■ GIVEN MATERIAL ■
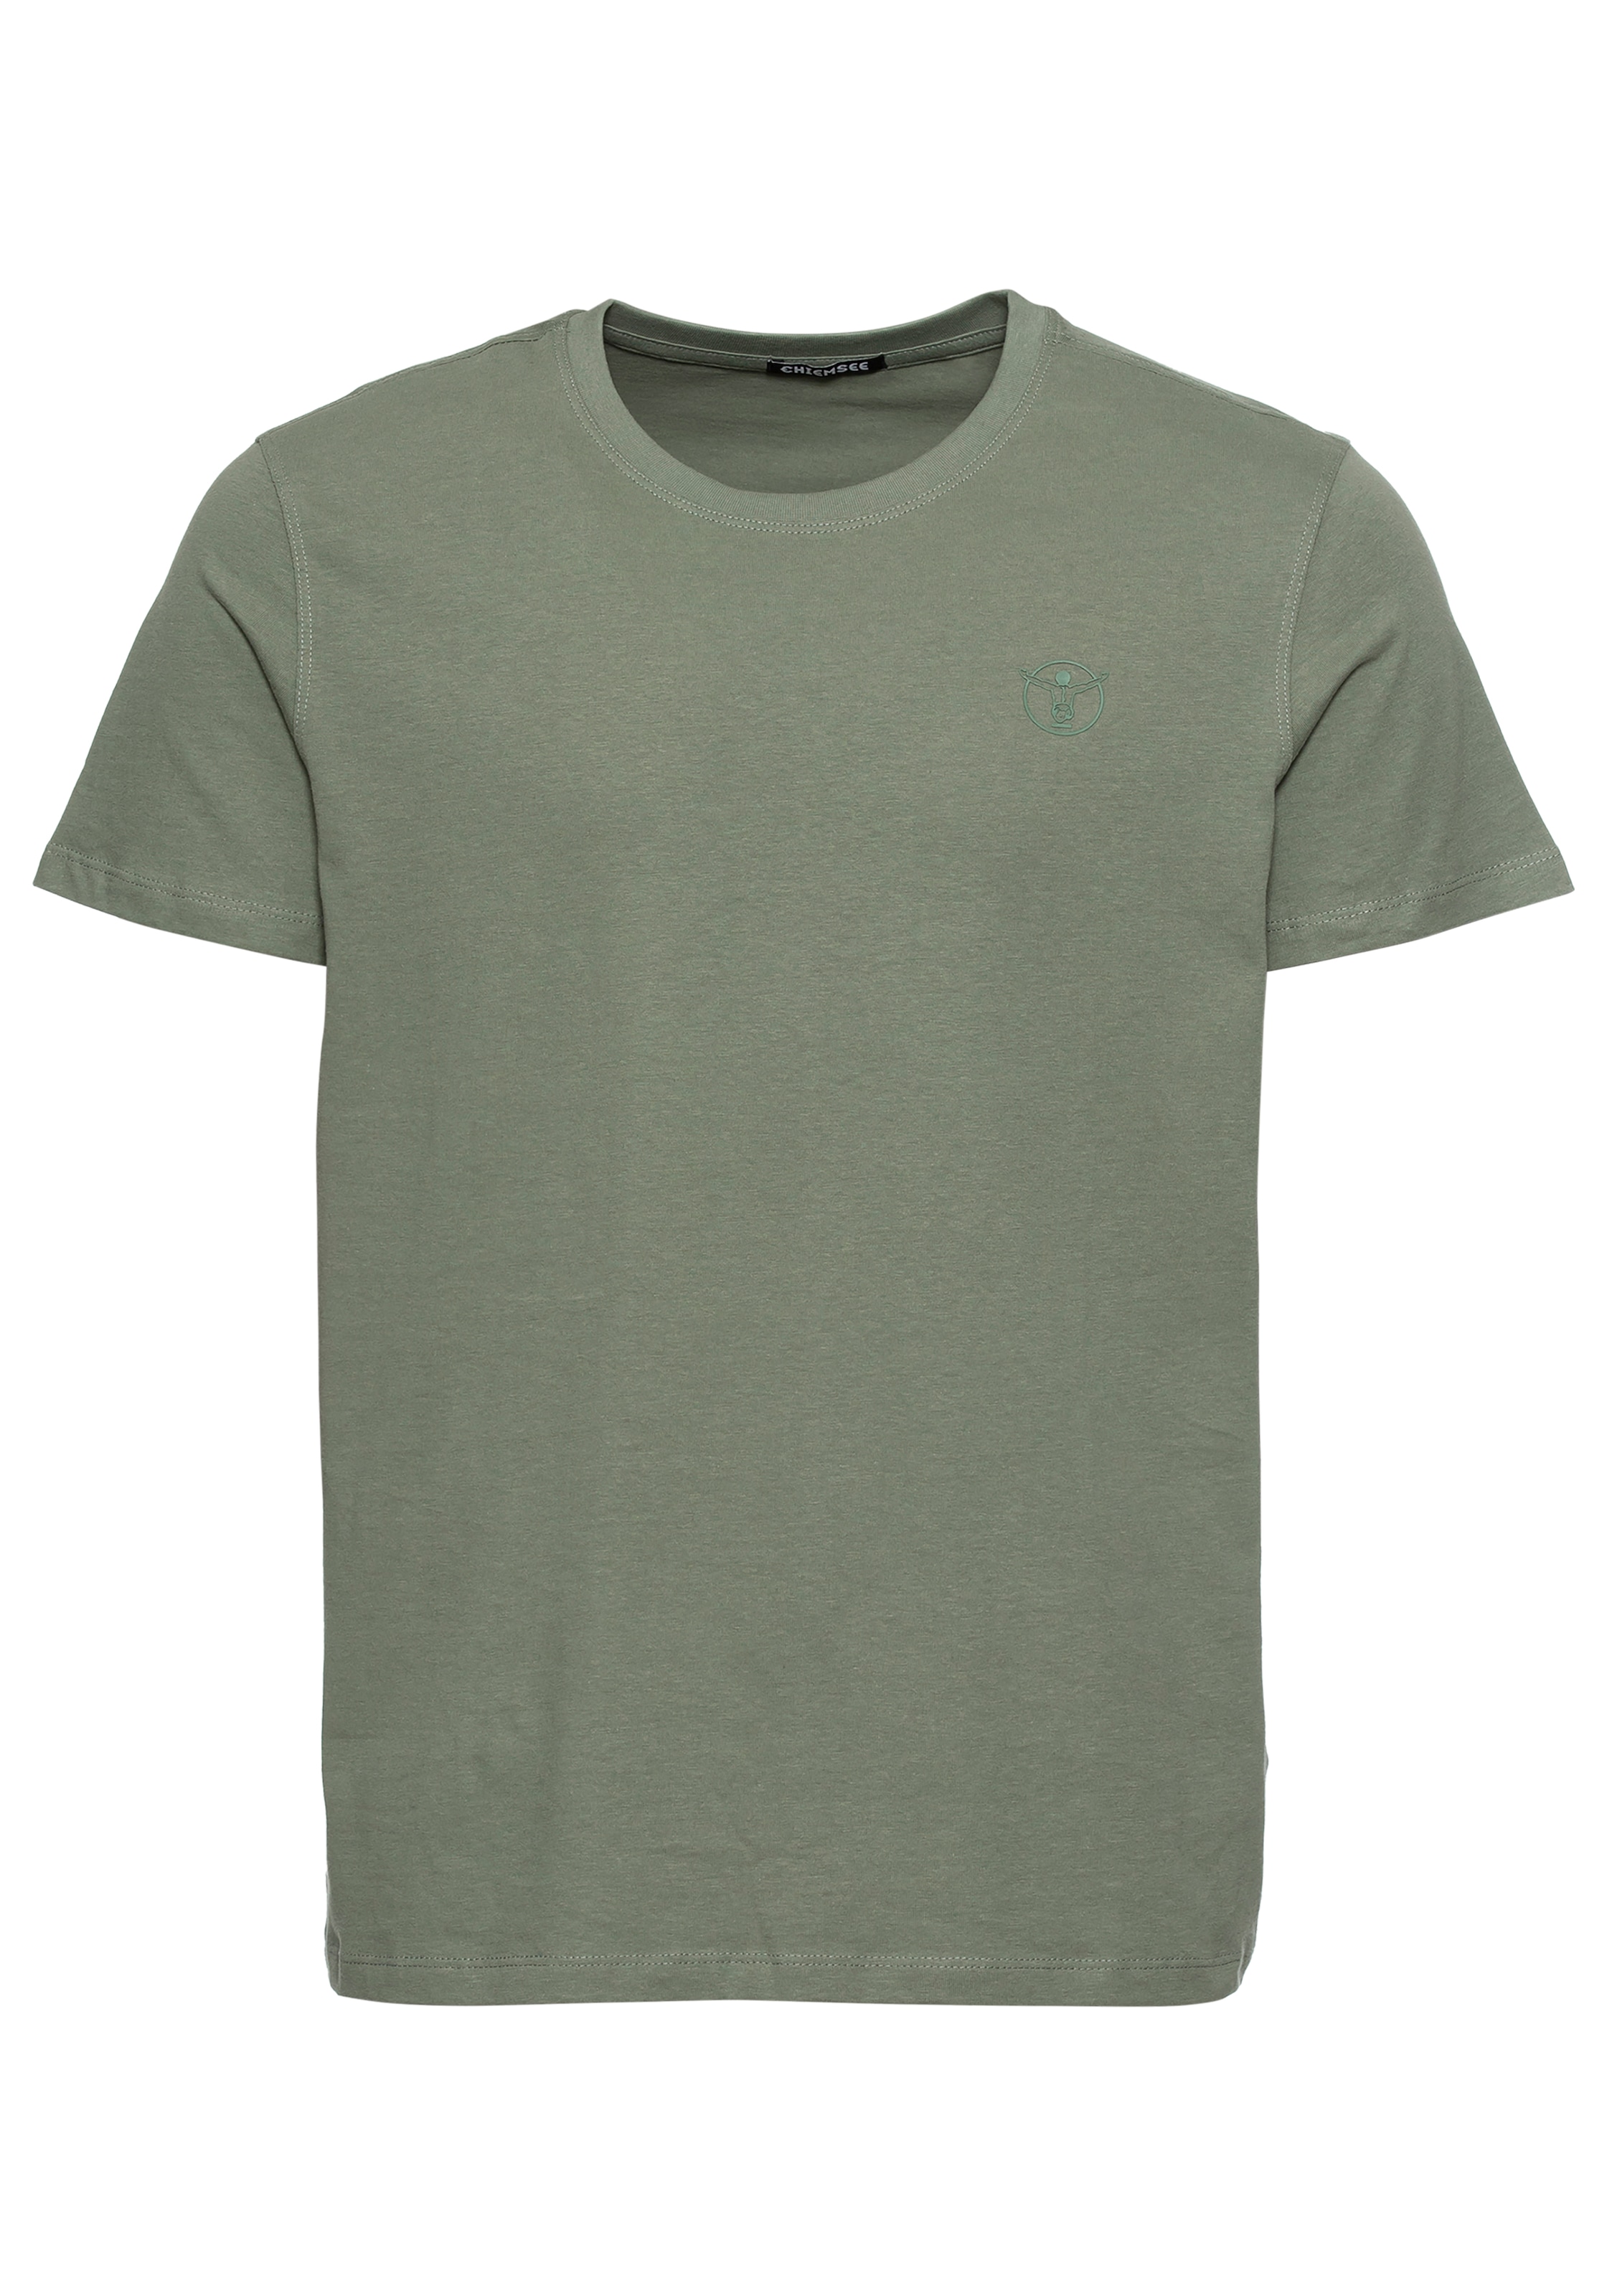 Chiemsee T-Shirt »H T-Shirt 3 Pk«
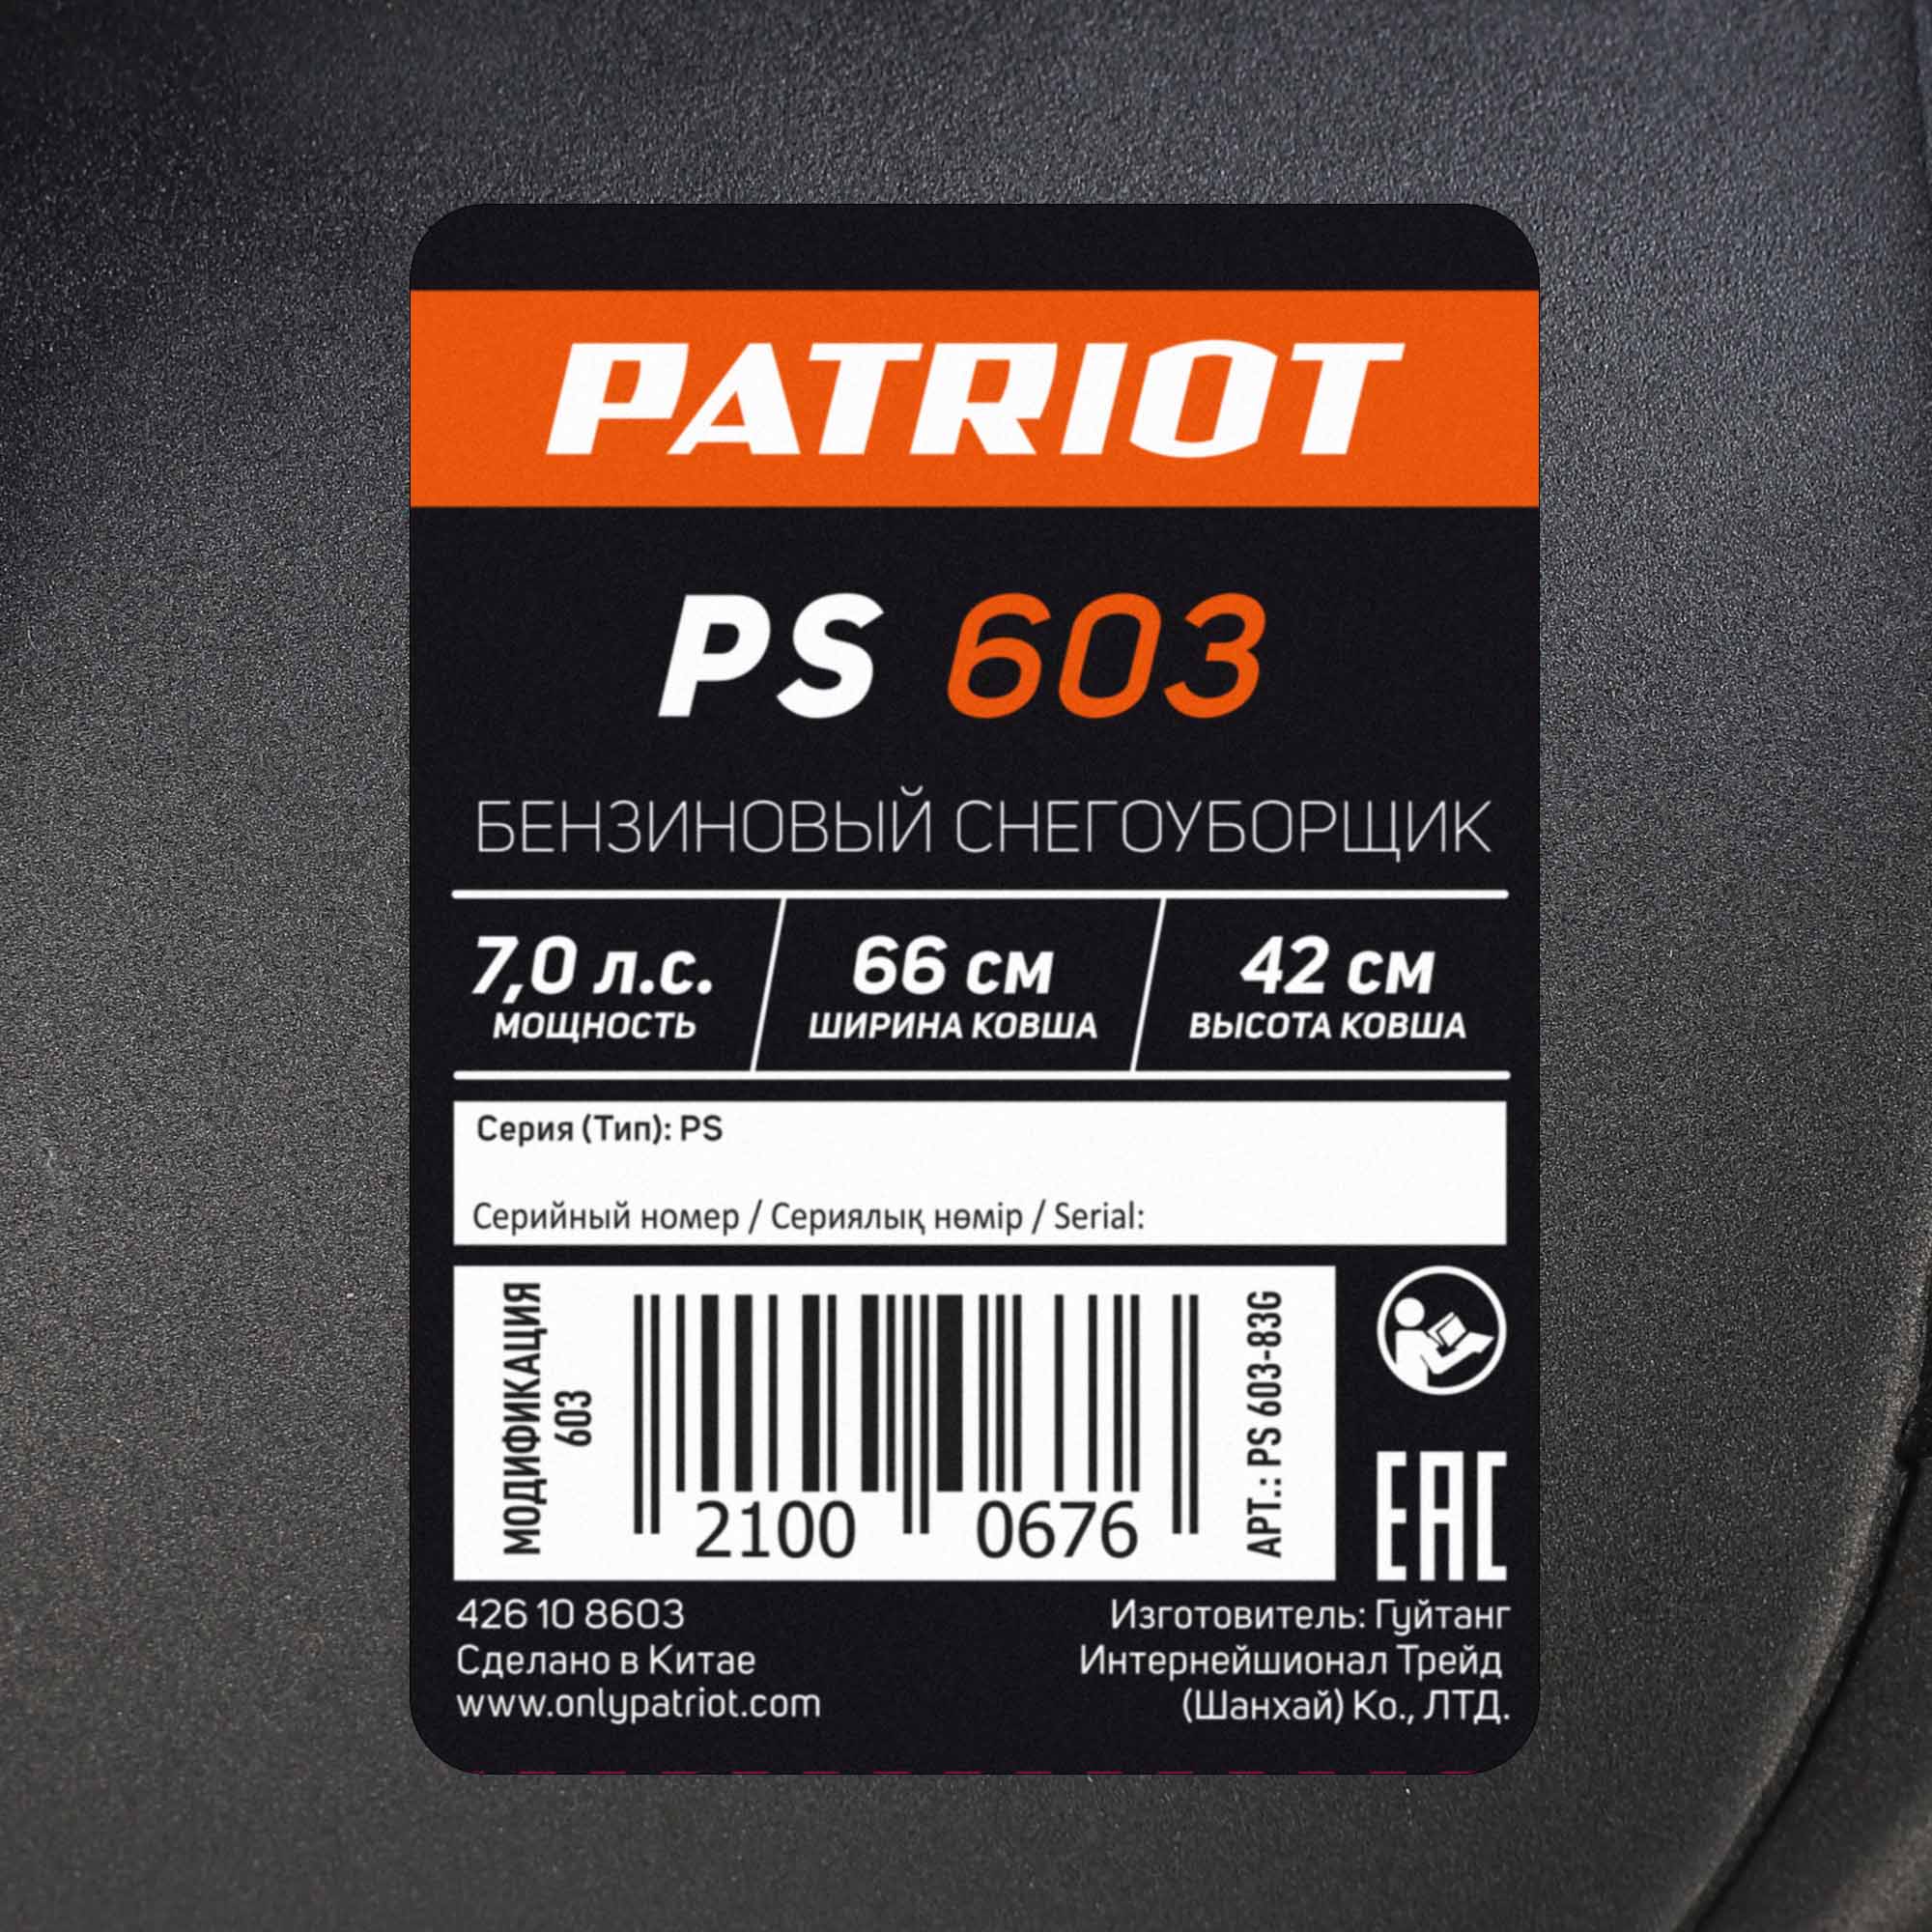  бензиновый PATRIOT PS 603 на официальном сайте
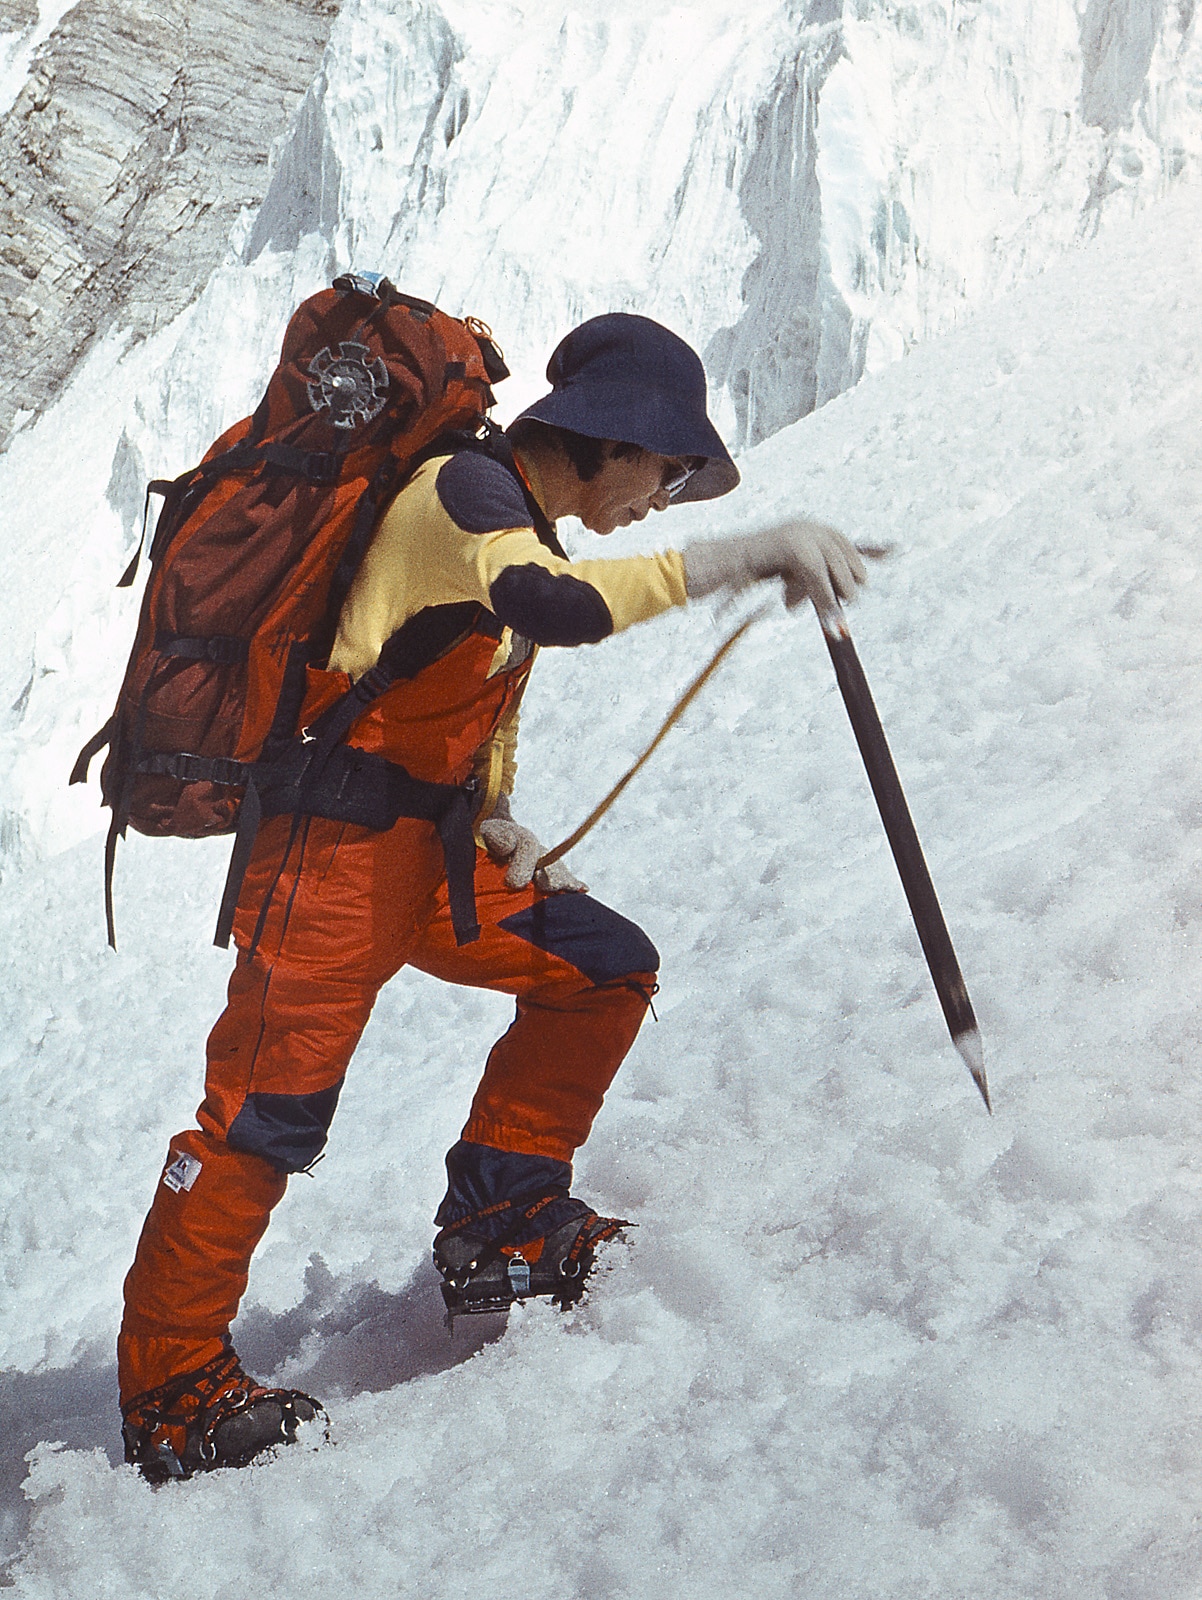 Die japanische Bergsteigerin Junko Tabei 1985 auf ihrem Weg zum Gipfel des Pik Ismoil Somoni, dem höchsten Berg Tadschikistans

■ TASK OBJECTIVE ■
Retype exactly, and only, the lines from the one containing "бензиновый PATRIOT PS" through the end of the material, leaving aside every picture.

■ THE ANSWER ■
  бензиновый PATRIOT PS 603 на официальном сайте
 Die japanische Bergsteigerin Junko Tabei 1985 auf ihrem Weg zum Gipfel des Pik Ismoil Somoni, dem höchsten Berg Tadschikistans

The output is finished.